### Supplied material

• • • • • • •

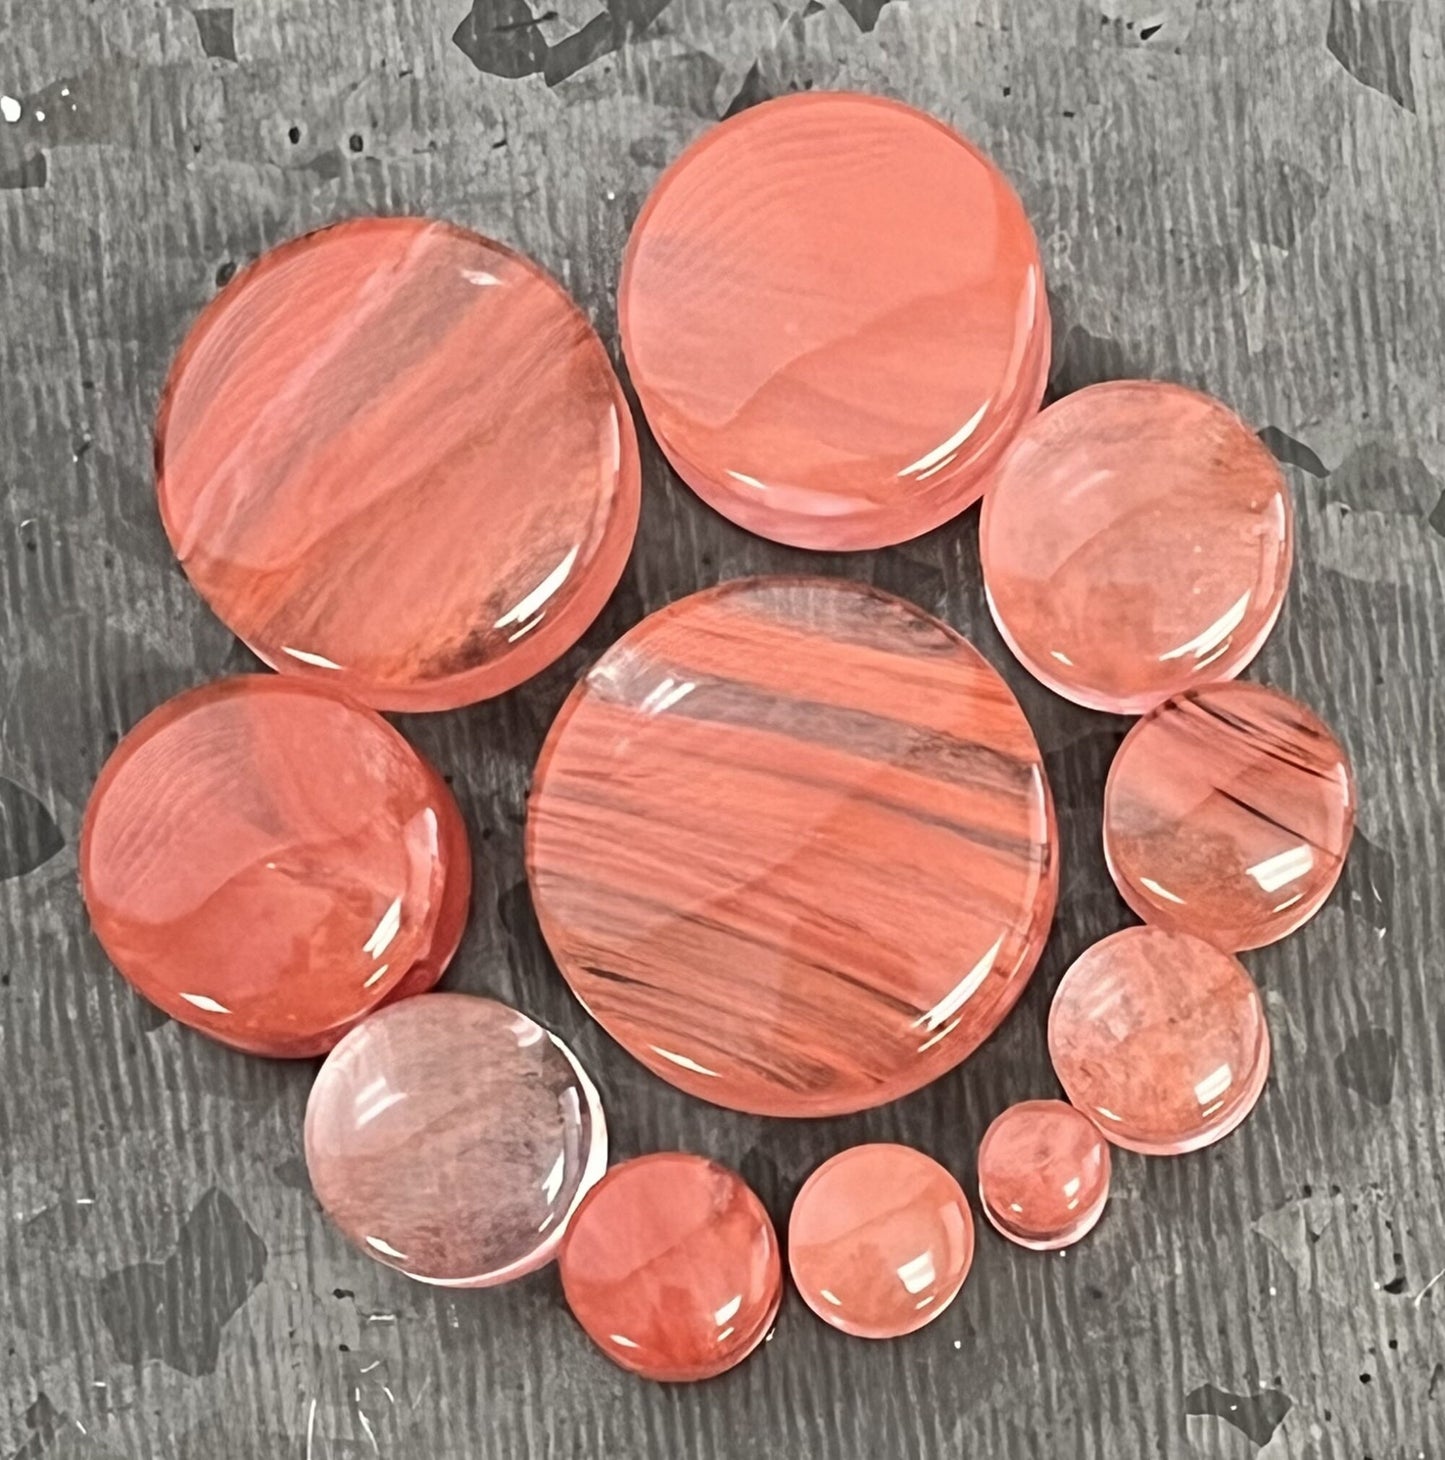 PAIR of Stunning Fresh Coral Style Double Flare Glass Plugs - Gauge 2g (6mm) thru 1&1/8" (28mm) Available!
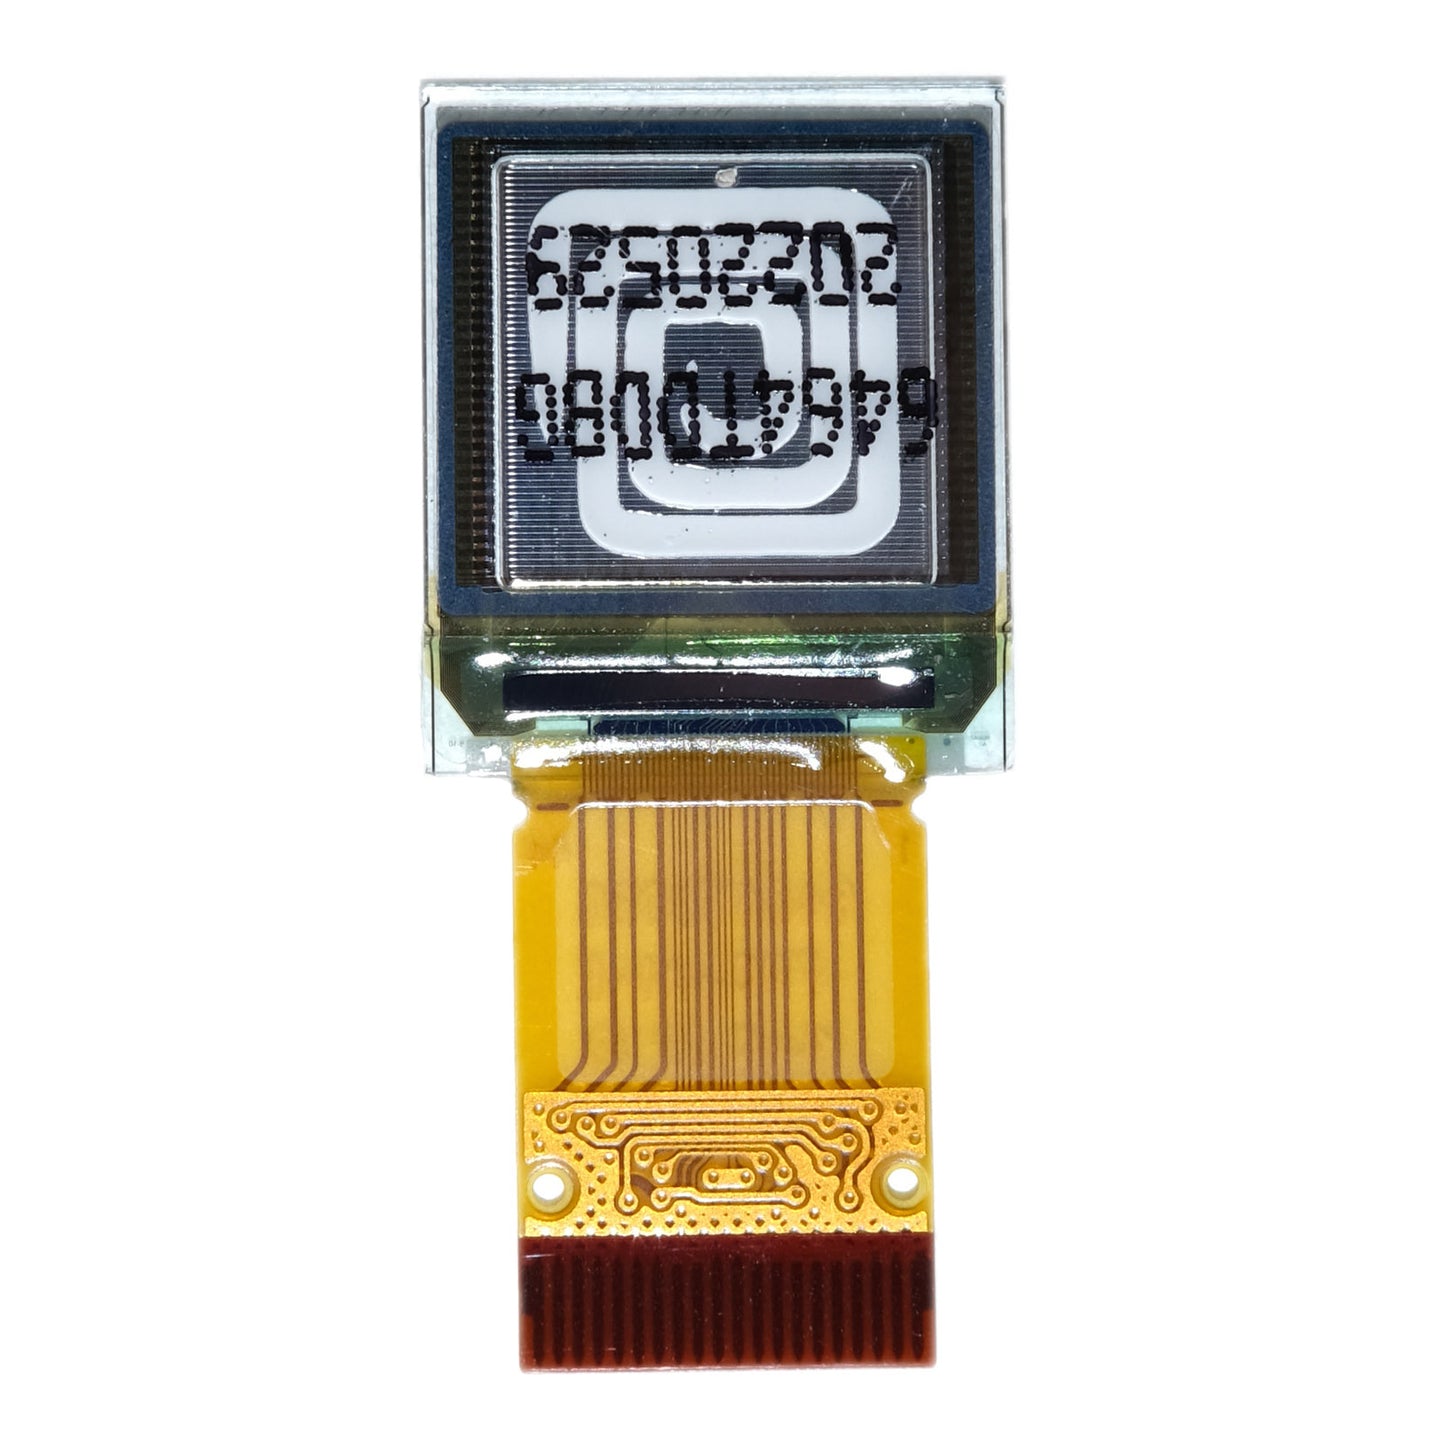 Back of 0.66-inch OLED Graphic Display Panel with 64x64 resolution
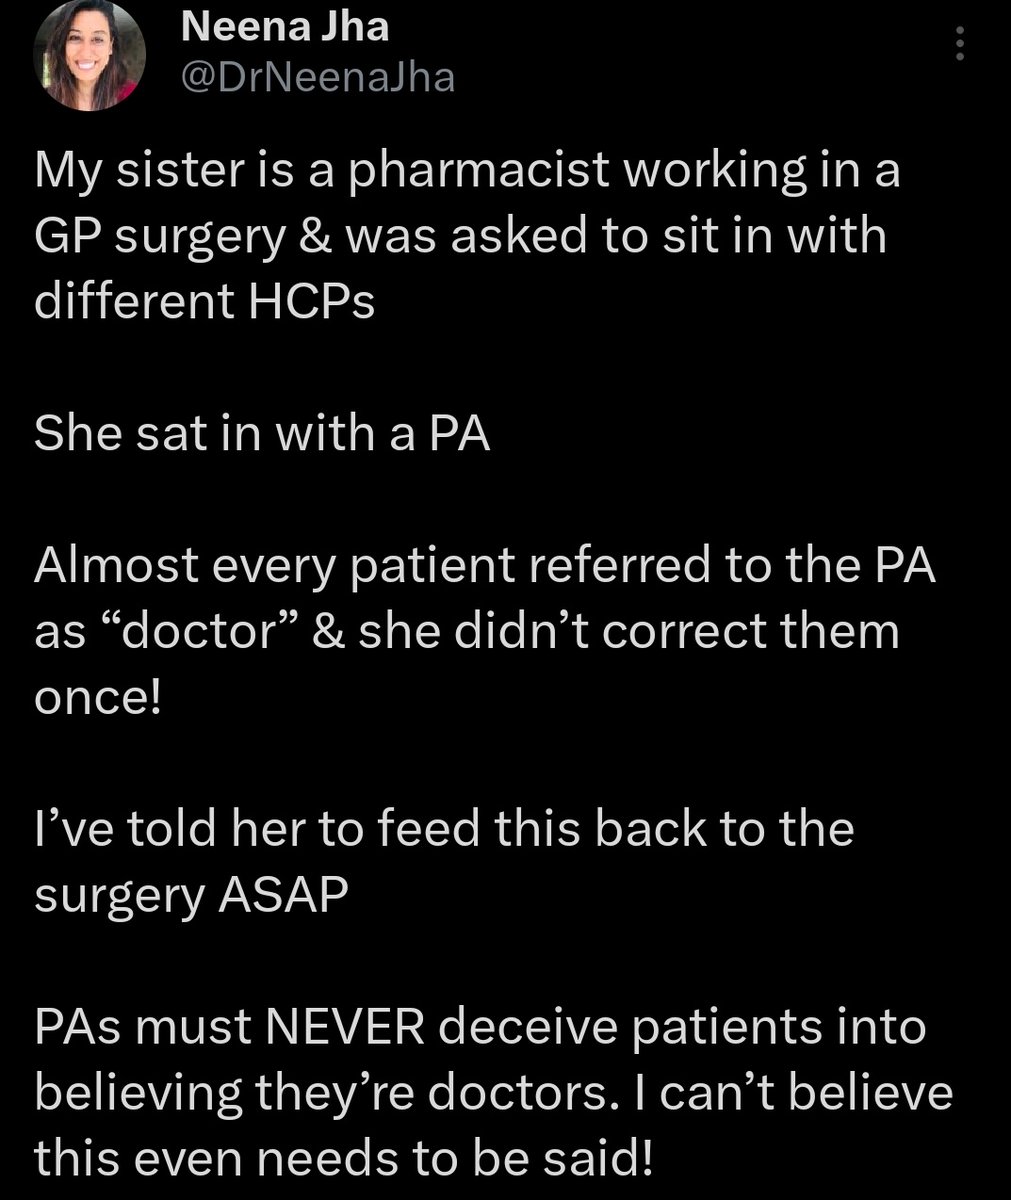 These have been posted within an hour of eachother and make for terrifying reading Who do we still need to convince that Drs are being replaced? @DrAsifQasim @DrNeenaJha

• • • • • • •

### Brief
Retype all the data exactly, please, without pictures.

### Exercise result
 PAIR of Stunning Fresh Coral Style Double Flare Glass Plugs - Gauge 2g (6mm) thru 1&1/8" (28mm) Available!
 Back of 0.66-inch OLED Graphic Display Panel with 64x64 resolution
 These have been posted within an hour of eachother and make for terrifying reading Who do we still need to convince that Drs are being replaced? @DrAsifQasim @DrNeenaJha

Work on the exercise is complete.